La quarta: quand’anche si individui una accettabile riformulazione della stabile organizzazione in questione (vedi la cosiddetta “significativa presenza digitale”) occorre poi passare all’individuazione del valore attribuibile ai beni immateriali (software, know how, ma anche dati archiviati) apportati dalla casa madre, a quelli autoprodotti in loco, al contributo commerciale sviluppato dalla casa madre e a quello generato in loco. Valgono di più i dati raccolti o i sistemi di elaborazione degli stessi? Emergerebbe, quindi, un’altra insidiosa questione: come si misura il reddito di una stabile organizzazione digitale? Certo, esistono più sistemi idonei a misurare il transfer pricing all’interno di gruppi multinazionali e nella specie il cosiddetto profit split potrebbe apparire quello più appropriato.

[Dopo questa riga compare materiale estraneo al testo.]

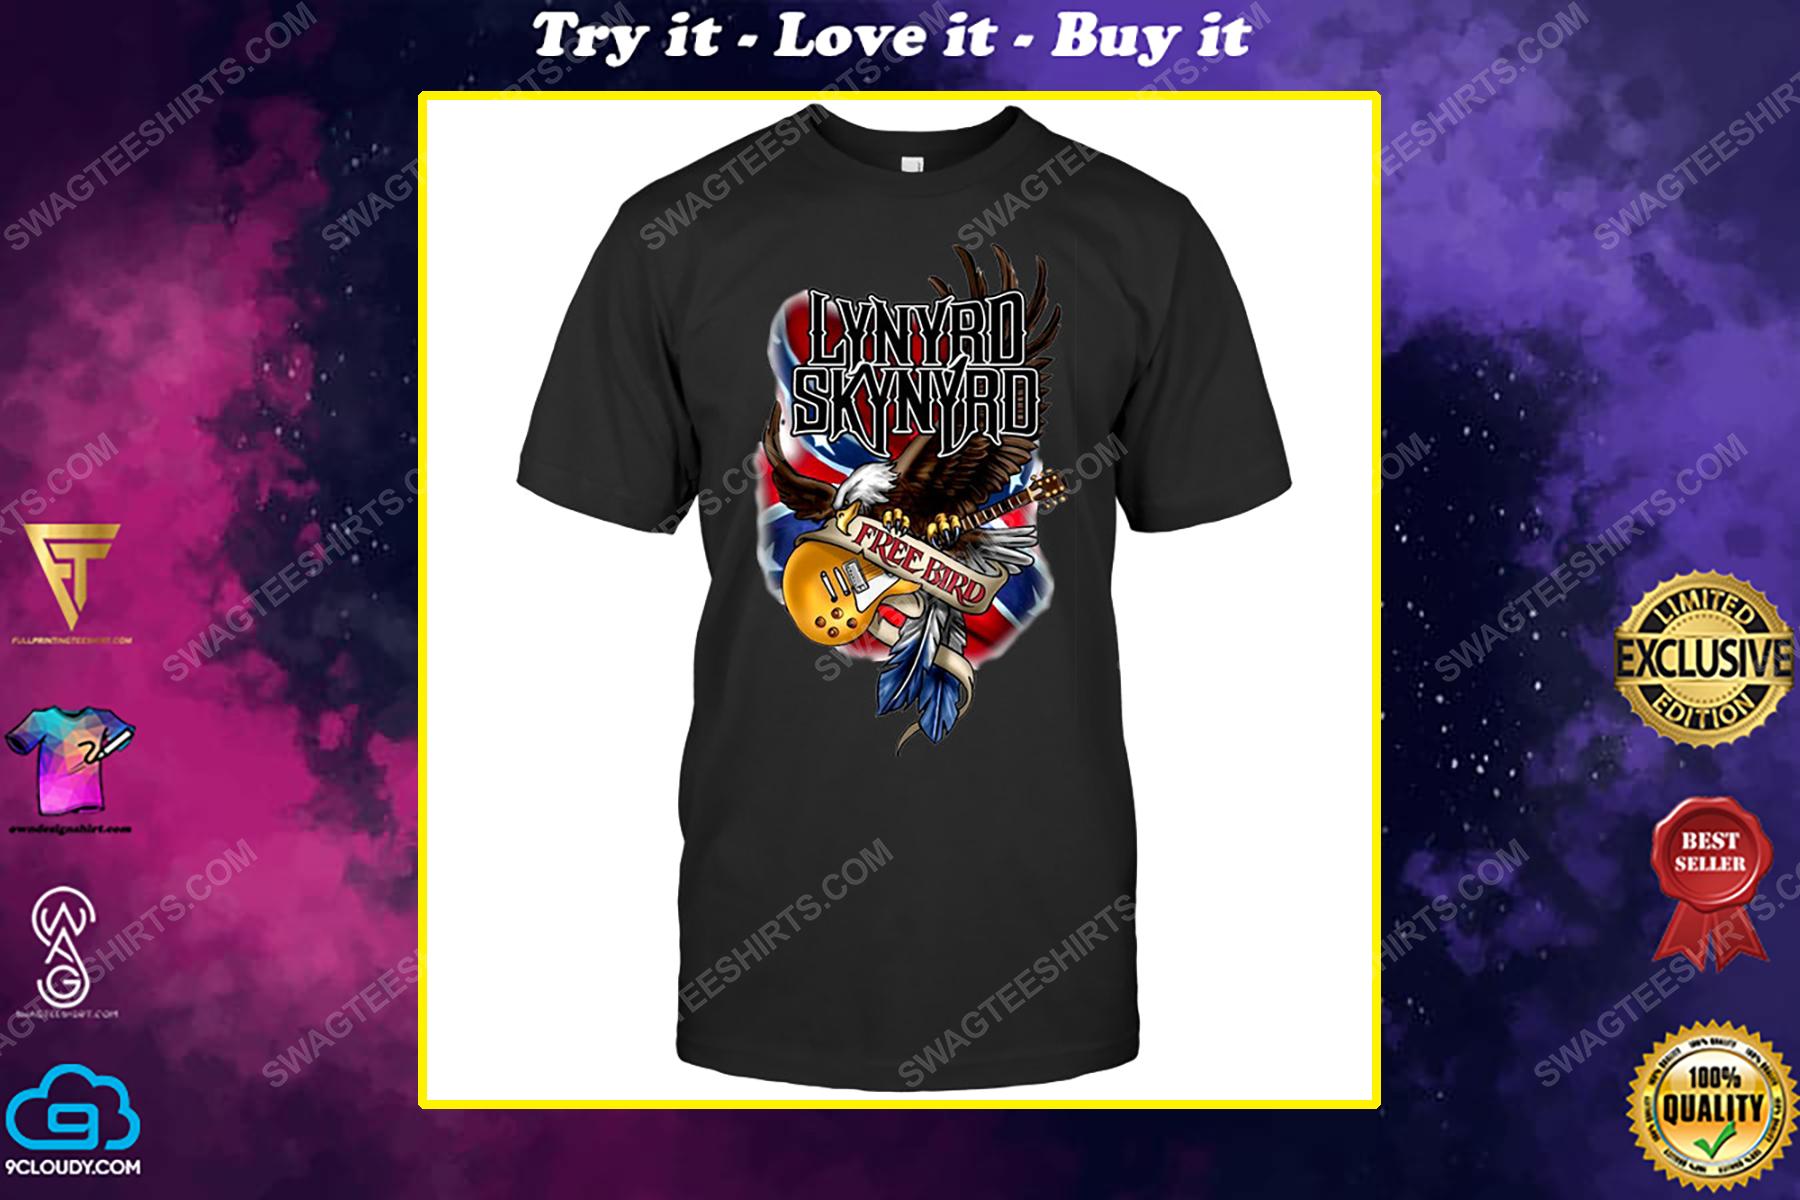 Rock band lynyrd skynyrd free bird shirt

Ma, insomma, non sarà vita facile per accertatori e contribuenti.

La quinta: preso atto della difficoltà a continuare sulla via storica della “stabile organizzazione” non vale forse la pena di pensare a qualcos’altro? La Commissione UE lo ha già fatto proponendo una “interim web tax”. La proposta ha palesemente il carattere della provvisorietà ed è motivata dal desiderio di spingere la riformulazione dei caratteri della “stabile organizzazione”. Ma è la strada giusta? Occorrerebbe, forse, prendere atto che la tassazione quantomeno transnazionale di questa tipologia di imprese semplicemente non è riconducibile a ordinari parametri reddituali. Che l’unità di misura del conto economico non regge e che sono i ricavi (flussi di cassa), sia pur con certi correttivi, il fattore più capace di evidenziare l’attitudine alla contribuzione delle imprese in questione. Del resto, la direttiva sulla Ccctb (Common Consolidated Corporate Tax Base – base imponibile consolidata comune) si muove già in quest’ottica ai fini della ripartizione della base imponibile dei gruppi europei. Si potrebbe, forse, partire da lì per costruire il nuovo, non facile, domani.